Com a alta no custo com insumos, a manutenção dos preços levaria à redução de receitas e do lucro. Segundo uma fonte ligada à companhia, a estrutura de governança da Petrobras “estava pronta para cobrar” a diretoria pela defasagem nos preços.

A Amec (Associação de Investidores no Mercado de Capitais), que representa acionistas minoritários, chegou a divulgar um alerta público sobre a demora da Petrobras em reajustar os combustíveis. A carta avisou sobre a possibilidade de governo e Petrobras serem acionados judicialmente.

No passado recente, a companhia já foi cobrada judicialmente por acionistas minoritários dos Estados Unidos pelos prejuízos com os atos investigados na Operação Lava Jato.

Integrantes do governo dizem que o presidente Jair Bolsonaro (PL) ficou contrariado com a decisão da estatal de anunciar o reajuste justamente na quinta-feira, data da votação do projeto que era a aposta do governo para conter os preços nas bombas. A ideia do chefe do Executivo era aprovar a proposta que reduziria tributos sobre o diesel antes que o aumento fosse divulgado.

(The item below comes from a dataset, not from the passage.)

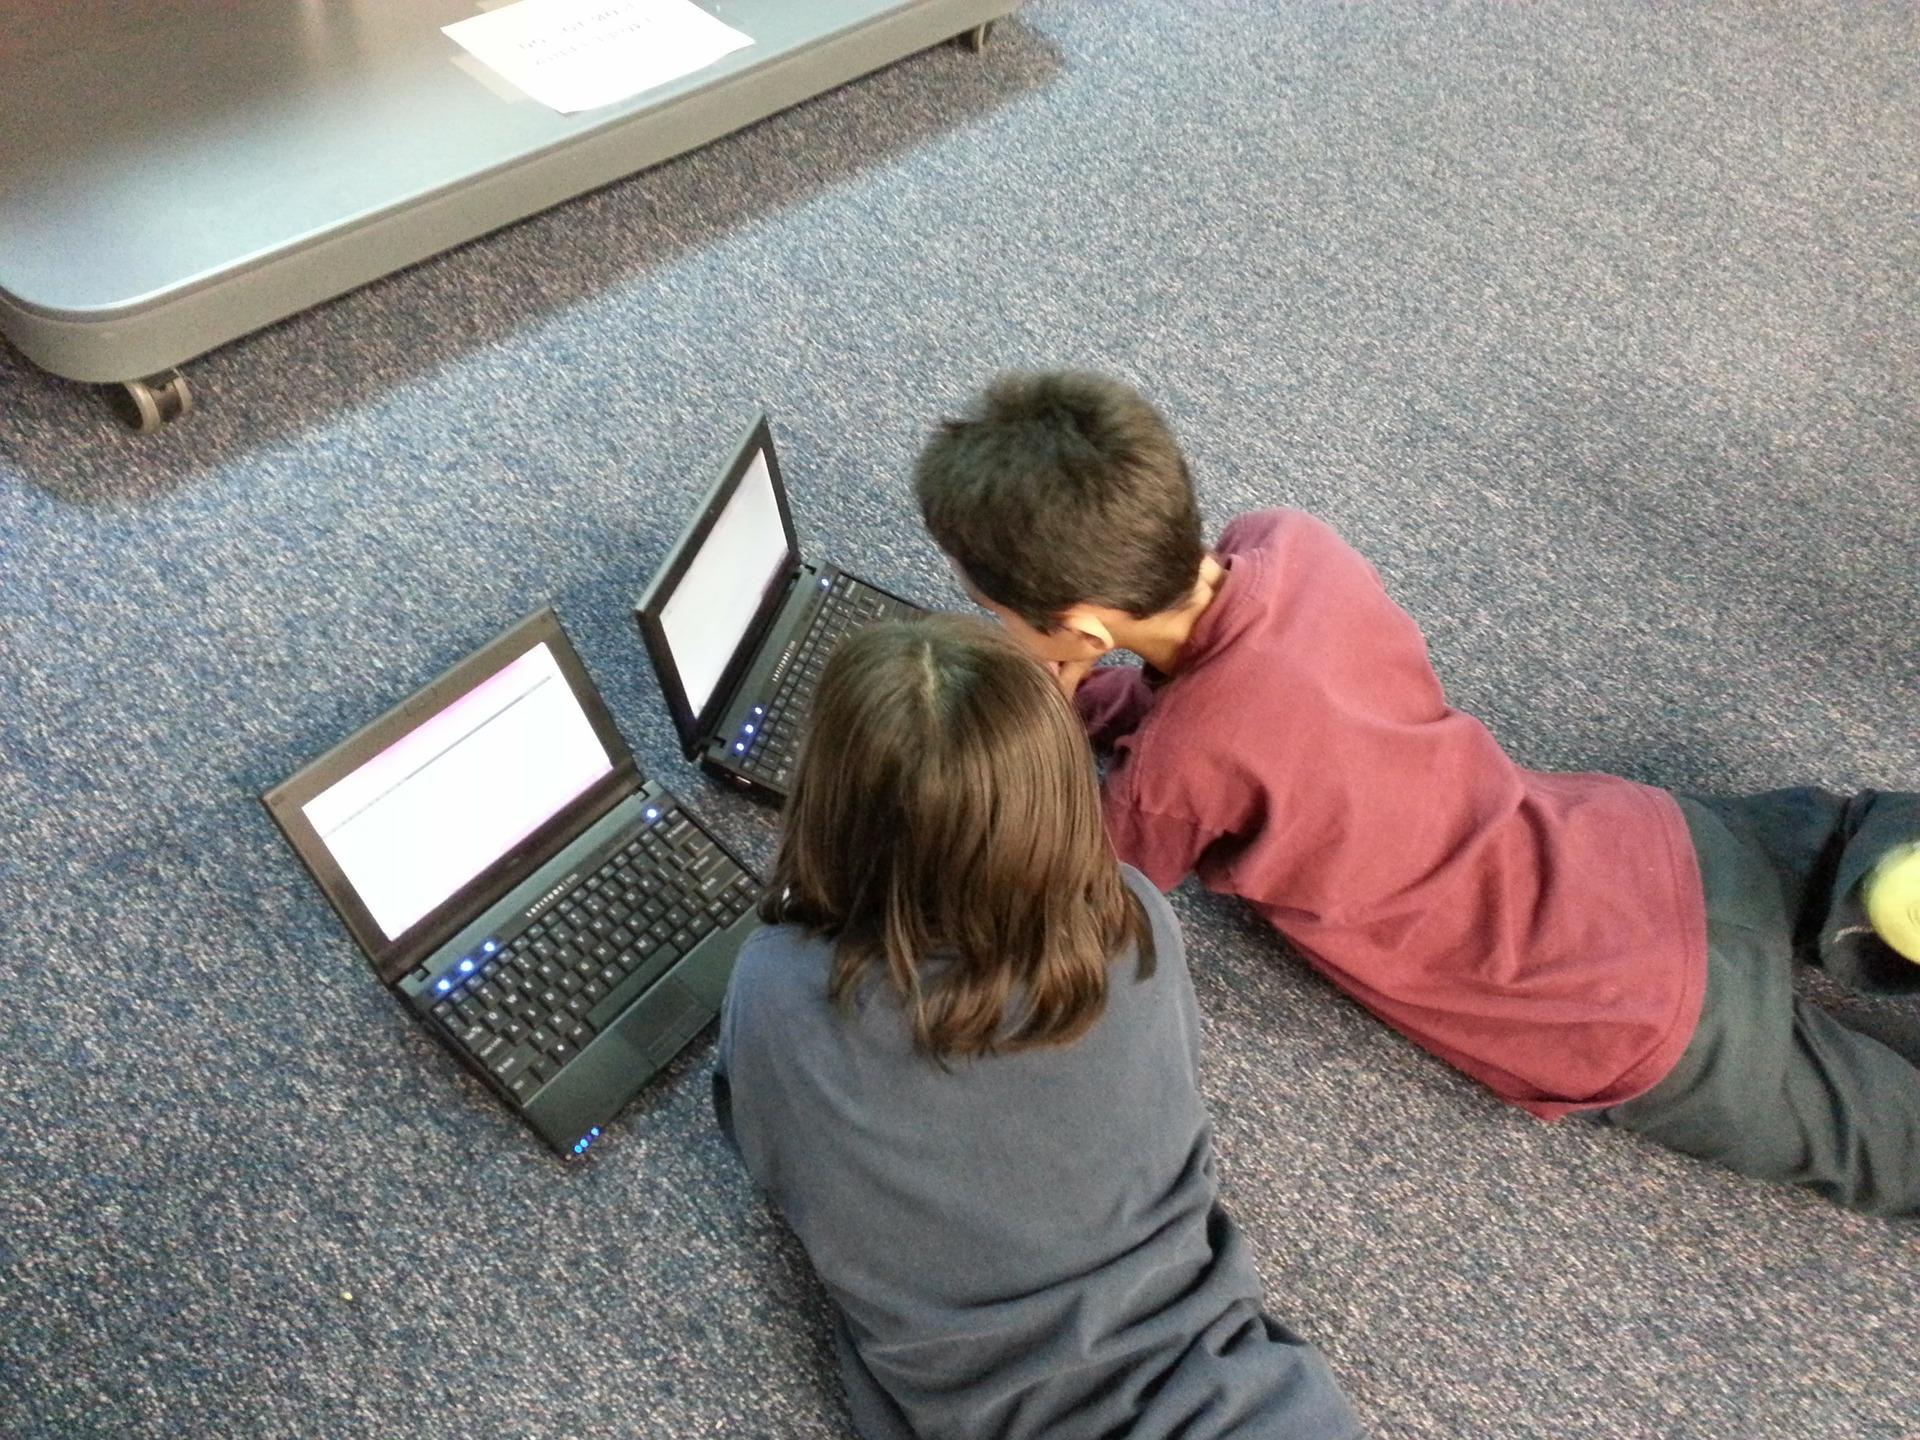 boy-laptop.jpg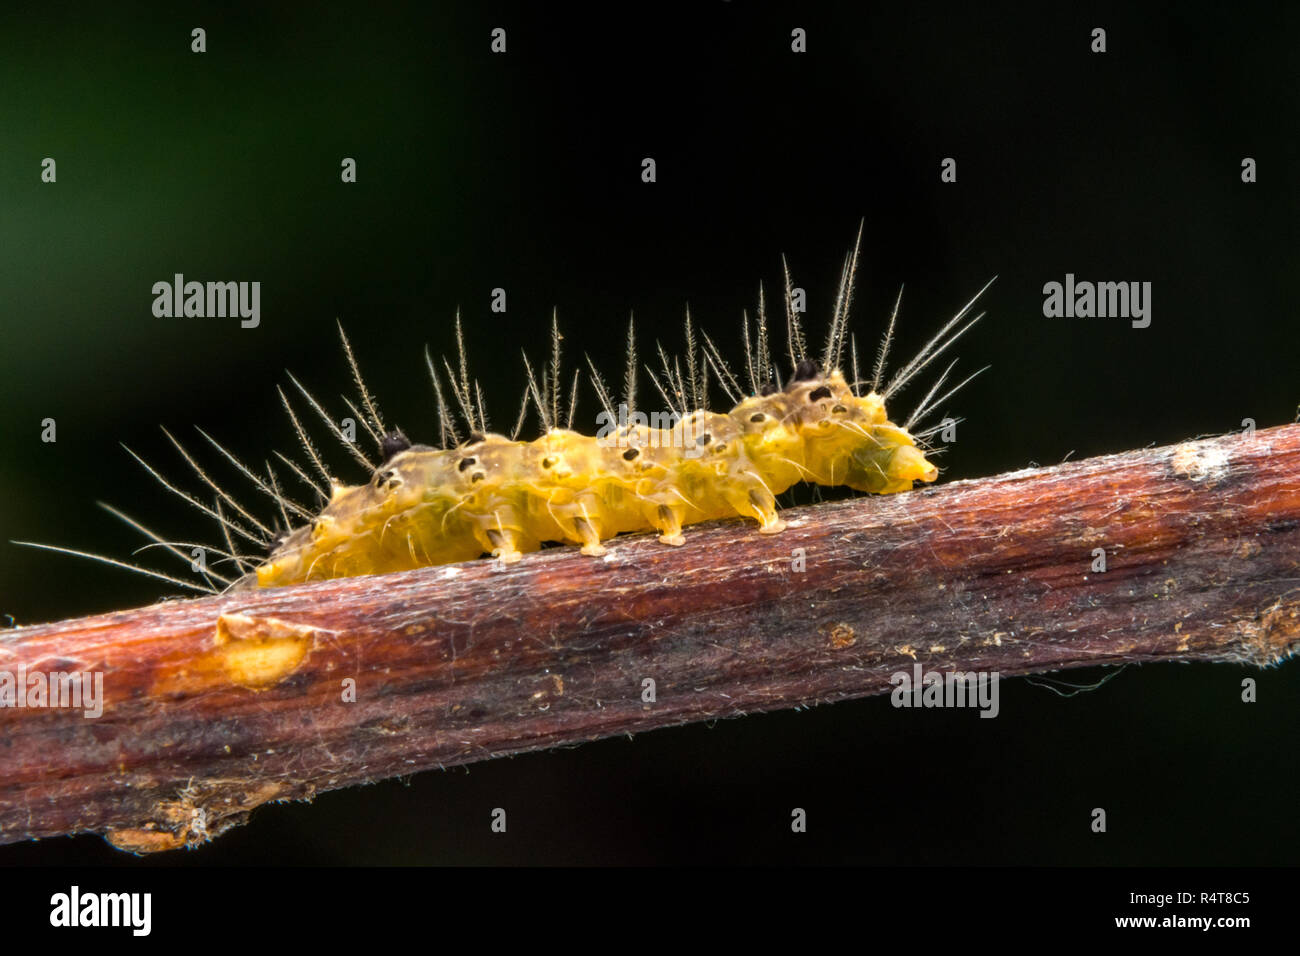 marco photography-yellow caterpillar Stock Photo

Bolsonaro queria mostrar de antemão uma resposta ao problema que seria criado. O governo tentou aprovar o projeto na quarta-feira (9), mas a votação acabou sendo adiada para o dia seguinte por pressão dos governadores.

A Petrobras é uma empresa tão grande que a política de preço de seus produtos –derivados de petróleo, como gasolina, diesel e gás– pode mexer com a inflação porque os combustíveis estão atrelados à produção de muitos artigos de consumo.

Após a gestão da ex-presidente Dilma Rousseff (PT), quando a Petrobras teve prejuízos por segurar preços de combustíveis, a companhia inseriu em seu estatuto uma cláusula prevendo que a implementação de políticas como o congelamento de reajustes precisa ser compensada pelo acionista controlador –no caso, o governo.

Com esse novo arcabouço, a estatal também formulou sua política de preços de paridade de importação, em vigor até hoje e que é alvo de críticas de políticos e até mesmo dentro da equipe econômica do governo.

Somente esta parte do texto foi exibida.